1999-10-05 17:24:41

by John Hawkes

[permalink] [raw]
Subject: [PATCH] IA32 SMP spinlock metering

Please consider this SMP i386 patch against 2.3.18 (or an analogous patch
against 2.2.12) to add a "spinlock metering" enhancement:

Spinlock metering is the runtime recording of data about spinlock usage --
how often each spinlock is acquired by each locker and held for how long,
how often an acquisition attempt faced contention and had to wait because
someone else owned that spinlock, and how much wait-time passed before the
lock was released and the contention went away.

The new code (accessed through the above URL) exists in two 10KB gzip'ed
pieces: a kernel patch containing two new files and several modified files;
and a new "lockstat" command, which turns the functional act of metering on
or off in a metering-capable kernel, and which retrieves the kernel's
metering data and displays it to the user in a human-readable tabular format.
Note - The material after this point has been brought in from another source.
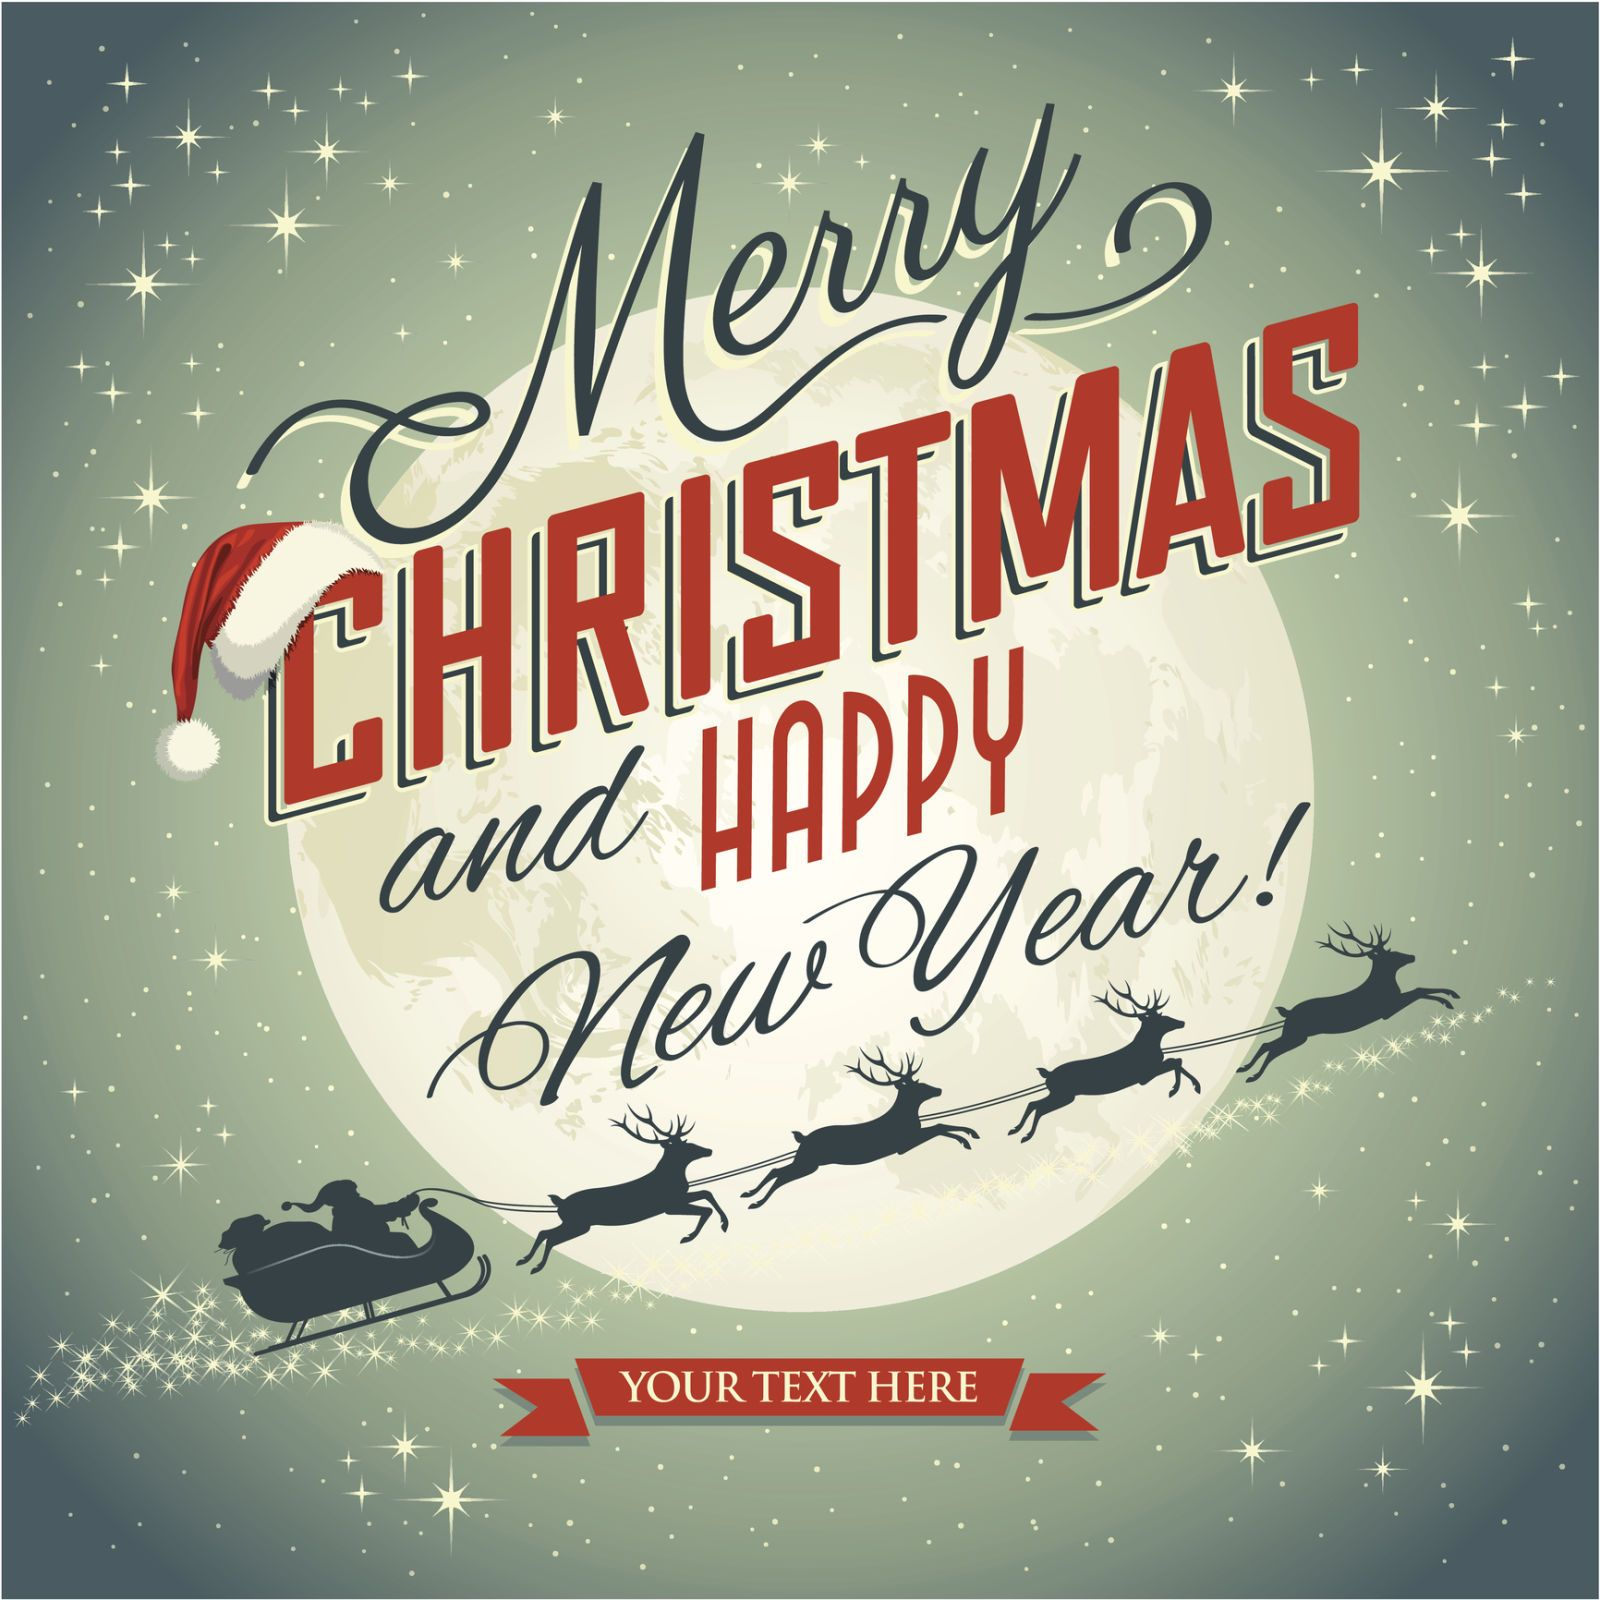 10 Frasi Di Natale.10 Frasi Di Natale Divertenti Per Auguri Simpatici Natale Divertente Biglietti Di Natale Vintage Natale

Lockstat uses the running kernel's System.map to translate the kernel's
reported virtual addresses into symbolic spinlock and procedure names,
whenever possible. Wait-times and hold-times are displayed in microseconds.

After the kernel patch is applied to the kernel, a new config variable (in
the "Kernel hacking" subsection) controls whether or not metering gets
compiled into the kernel. A metering-capable kernel has essentially the
same size as a non-metering-capable kernel because the non-metered
kernel's inline locking code gets replaced by procedure calls, and the
multiple-reader-single-writer locks get significantly smaller.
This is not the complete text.